Reproduce the listing below exactly, minus its pictures.

> _DATASET SECTION_:
──────────

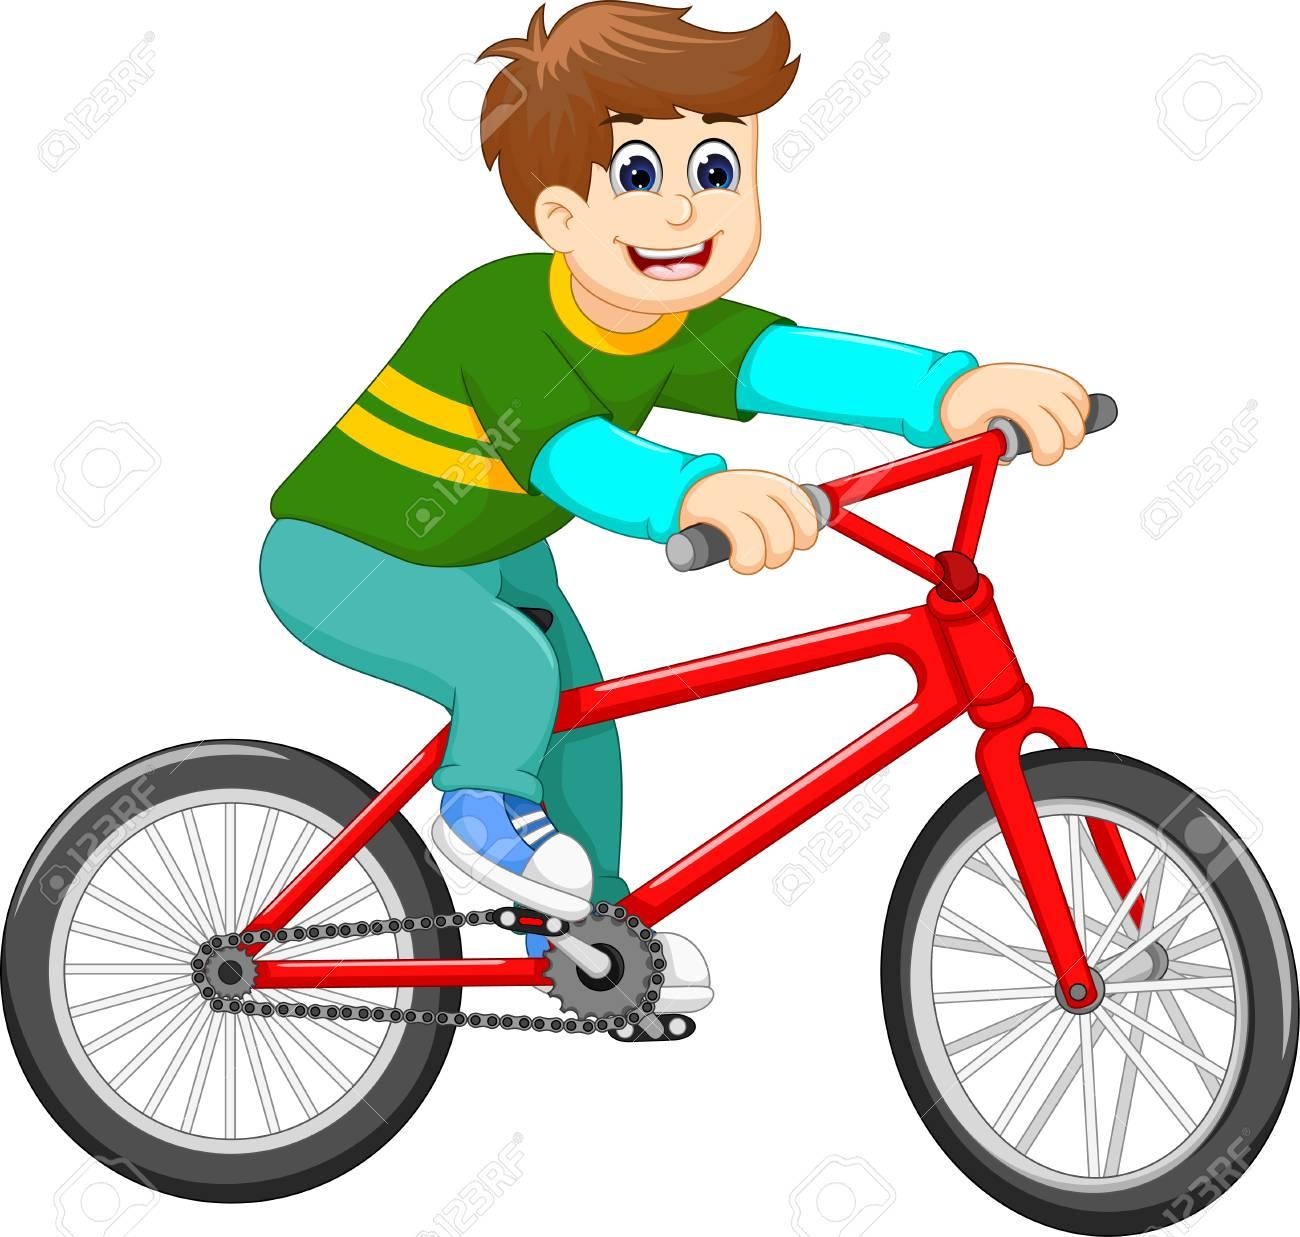 Funny boy riding bicycle cartoon.
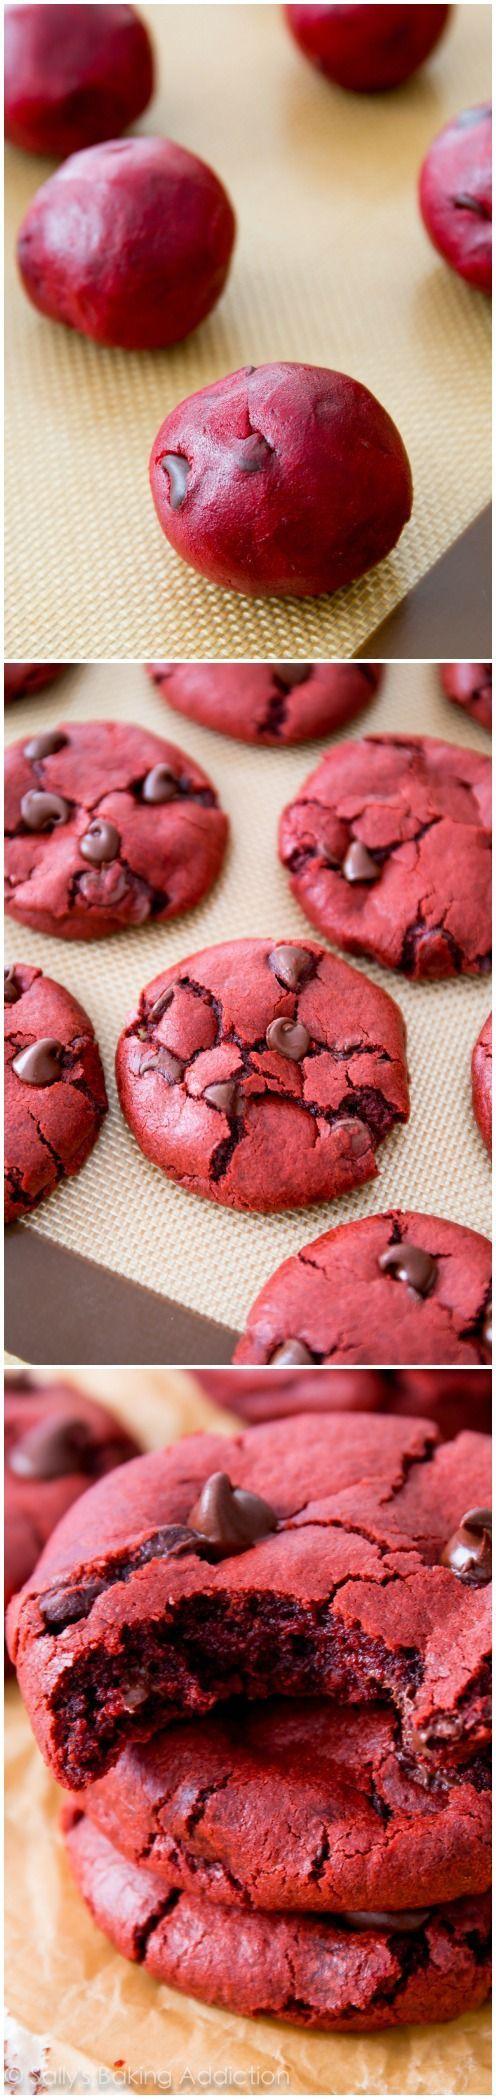 Soft-baked red velvet chocolate chip cookie recipe made from scratch! Recipe on sallysbakingaddiction.com
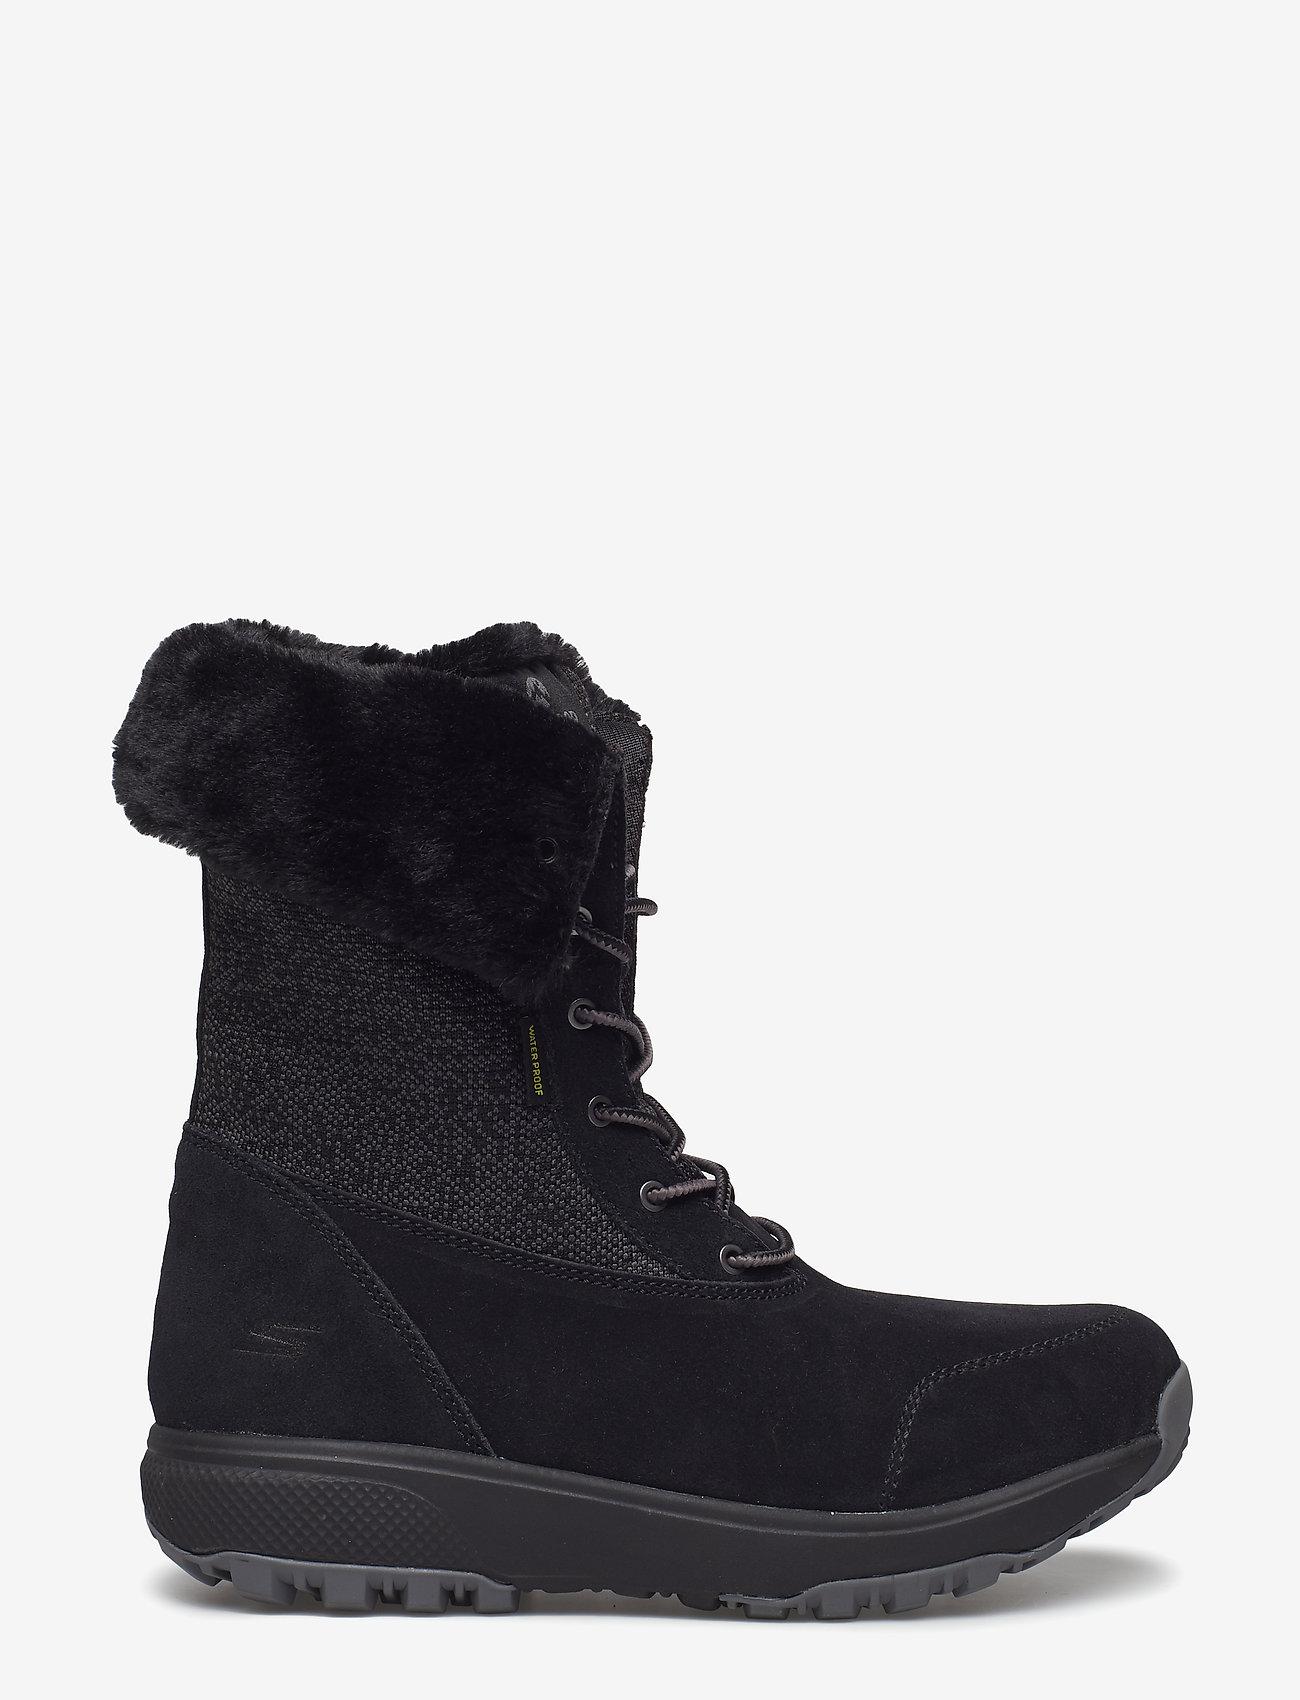 Skechers - Womens Outdoors Ultra - Waterproof - flade ankelstøvler - bbk black - 1

──────────

> _WRITTEN REPLY_:
 Funny boy riding bicycle cartoon.
 Soft-baked red velvet chocolate chip cookie recipe made from scratch! Recipe on sallysbakingaddiction.com
 Skechers - Womens Outdoors Ultra - Waterproof - flade ankelstøvler - bbk black - 1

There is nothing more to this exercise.